PI Perspective 25: Therapy Side Effects Update

PI Perspective 25: Therapy Side Effects Update

Project Inform - September, 1998

Some of the enthusiasm over protease inhibitors has been dampened by reports of a redistribution of body fat (lipodystrophy) that has been observed in some people who have been on long-term protease inhibitor therapy. There is considerable debate over whether this phenomenon is directly caused by the protease inhibitors or whether it is caused by rapid and sustained decreases in viral load (HIV RNA levels) and not unique to a particular class of therapy.

Some researchers report observations of lipodystrophy in the pre-protease era, when people were treated with two-drug nucleoside analogue combinations. Further, there is controversy over the incidence of this phenomenon. Some researchers contend that they have rarely, if ever, seen lipodystrophy among their patients while others report they see it frequently. Notably, an Australian group reports an incidence rate of almost 65%, although their figures are based on self-reporting by the patients. The cause of lipodystrophy is still unknown. Information on treating lipodystrophy is sorely lacking and as yet, there isn't a standardized definition for the condition.

The most commonly accepted descriptions of lipodystrophy may include:

wasting in face and limbs (a decrease in the fat amount in the face, arms and/or legs),
buffalo hump, a protruding pad of fat accumulated at base of the neck or top of the back, or
protease paunch, a pad of fat that develops behind the stomach muscles (sometimes referred to as central or truncal obesity)

From the limited information currently available it appears that people experiencing lipodystrophy are not commonly experiencing decreases or increases in their overall body weight. Individual and anecdotal reports from some patients and physicians, however, claim overall weight loss. For the most part, the distribution of weight is changing—perhaps moving away from arms and legs and into the gut area. In effect, it appears to be a change in the way and places the body stores fat. The difference between this phenomenon and normal changes in body fat distribution is that lipodystrophy results in the fat being found under the abdominal muscles and not directly under the skin where fat usually builds up. Additionally, this fatty buildup is solid and can't be pinched like a beer belly. Furthermore, both women and men have reported increased breast size in addition to the other changes in body composition.

Other side effects, which may be associated with lipodystrophy or independently associated with protease inhibitor therapy, are metabolic changes. These include elevated triglyceride and cholesterol levels (increases in LDL [bad cholesterol] and decreases in HDL [good cholesterol]), onset of diabetes or insulin resistance, and elevated blood pressure. One recent study indicated that the risk of elevated triglyceride levels was nearly 20 times greater in patients using ritonavir, compared to some other protease inhibitors. High triglcyeride levels might be predictive of an increased risk of pancreatitis, while excessive cholesterol levels might be associated with greater risk of heart disease. Other less common, non-metabolic side effects include increased bleeding in people with hemophilia, loss of body hair and ingrown toe nails.

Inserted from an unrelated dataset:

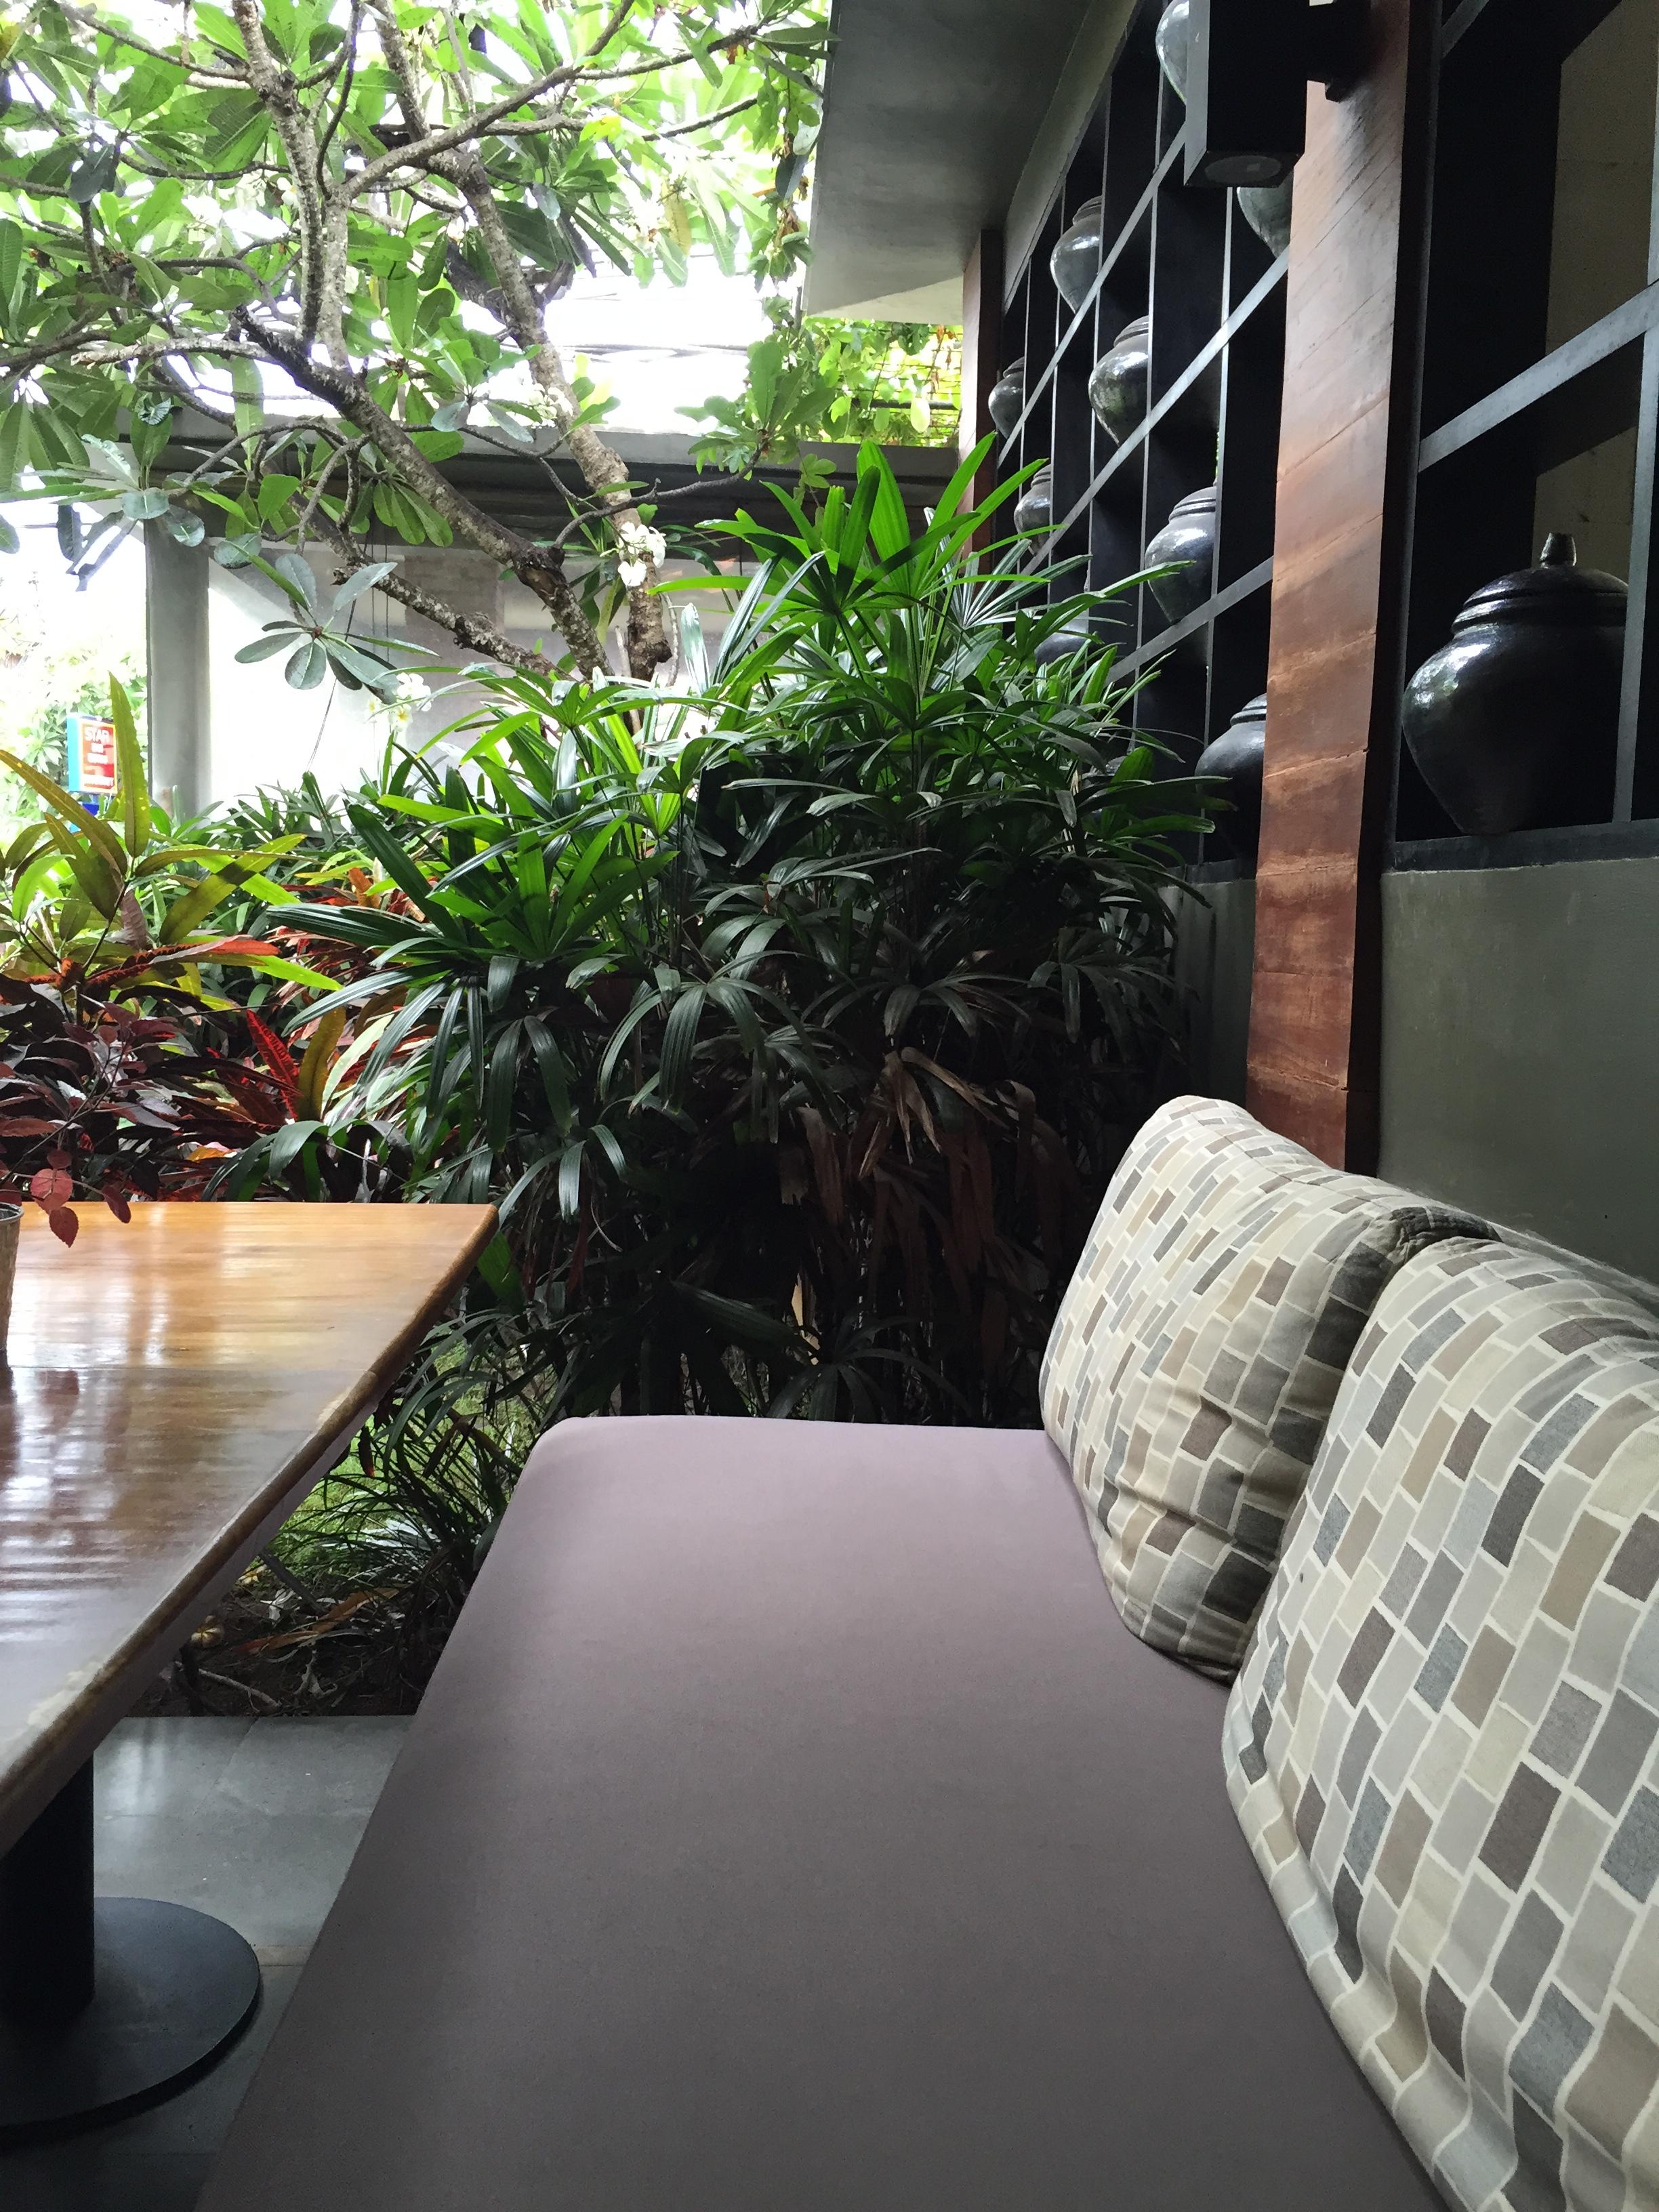 bali indoors outdoors.JPG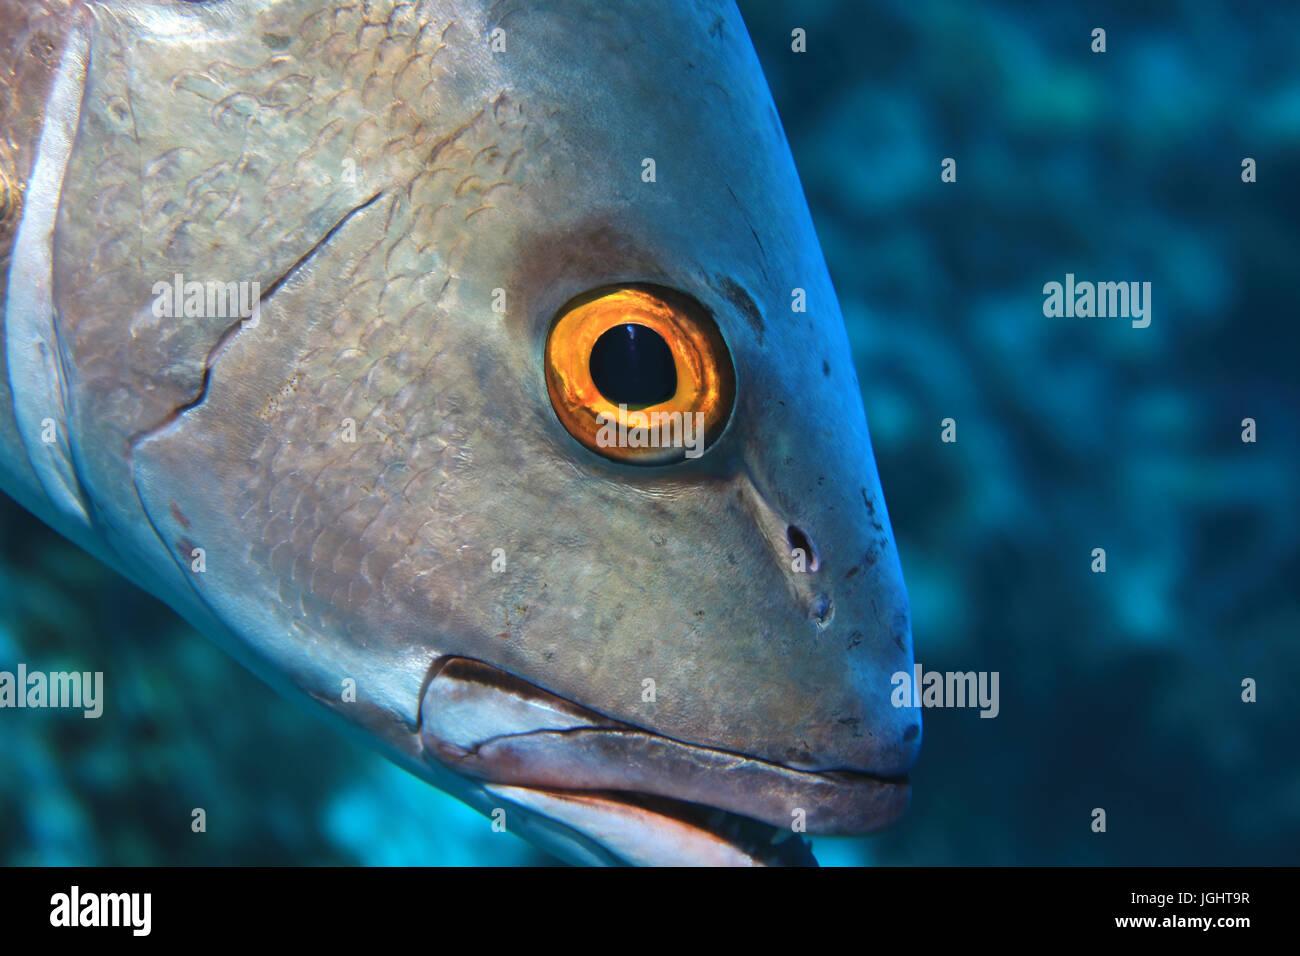 Eye of two-spot red snapper fish (Lutjanus bohar) underwater in the indian ocean - Stock Image

These changes usually occur despite effective control of HIV replication, a more robust immune system and otherwise generally improved health.

There are several theories on the cause of lipodystrophy and the metabolic changes. The Australian group has proposed that the protease inhibitors may bind to a human protein, a "lipid binding" protein, which is structurally similar to the HIV protease enzyme. The role of this protein is to gather up and destroy lipids (fatty substances). They speculate that because the protease inhibitors may be partially blocking the function of this protein, they may change the lipid concentrations in blood as well as the death of certain fatty cells resulting in an accumulation of fat under the abdominal muscle. Furthermore, this protein transports essential materials to the same liver enzyme (known as cytochrome P450 3A4) that is used by the protease inhibitors to be broken down. Since the protease inhibitors block this liver enzyme, it may further worsen the situation. This theory may partially explain why some people developed lipodystrophy before the advent of protease inhibitors as there are other drugs which potently block this liver enzyme, including the antifungal drug ketoconazole (Nizoral^®).

One potential effect of these metabolic changes is heart disease. One recent report showed three cases of narrowing of the coronary arteries, which prevents an adequate supply of blood to the heart and can result in damage to the heart muscle. All three cases involved men 40 years of age or younger and who were being treated with a protease inhibitor containing regimen. Two men subsequently had heart attacks.

Several studies presented at the International AIDS conference in Geneva showed that there were differences in metabolic changes and lipodystrophy between people receiving protease inhibitors, those non-nucleoside reverse transcriptase inhibitors (NNRTIs) or no anti-HIV therapies. However, people in these studies were not matched for viral loads (HIV RNA levels) and the groups receiving protease inhibitors had much lower HIV levels. Since one of the major theory attributes lipodystrophy to high levels of HIV suppression, it may be unfair to compare the outcomes of these studies.

Another study showed that people receiving the dual protease combination ritonavir (Norvir^®) and saquinavir (Invirase^® or Fortovase^®) were significantly more likely to have high cholesterol levels that warrants starting cholesterol-lowering therapy compared to people receiving a single protease inhibitor.

An important finding from a small study shows that men and women equally were likely to develop truncal obesity and that this type of change in body composition is not only observed among people receiving protease inhibitors and/or anti-HIV therapy.

A study looking specifically at body shape changes in women taking protease inhibitors showed that of the women (16%) who noticed body shape changes, most reported increases in breast size, increase in abdominal size and peripheral (arm and leg) wasting. For more information on these and other relevant studies on side effects and body composition changes, please call the Project Inform National HIV/AIDS Treatment Hotline and ask for the Drug Side Effects Chart.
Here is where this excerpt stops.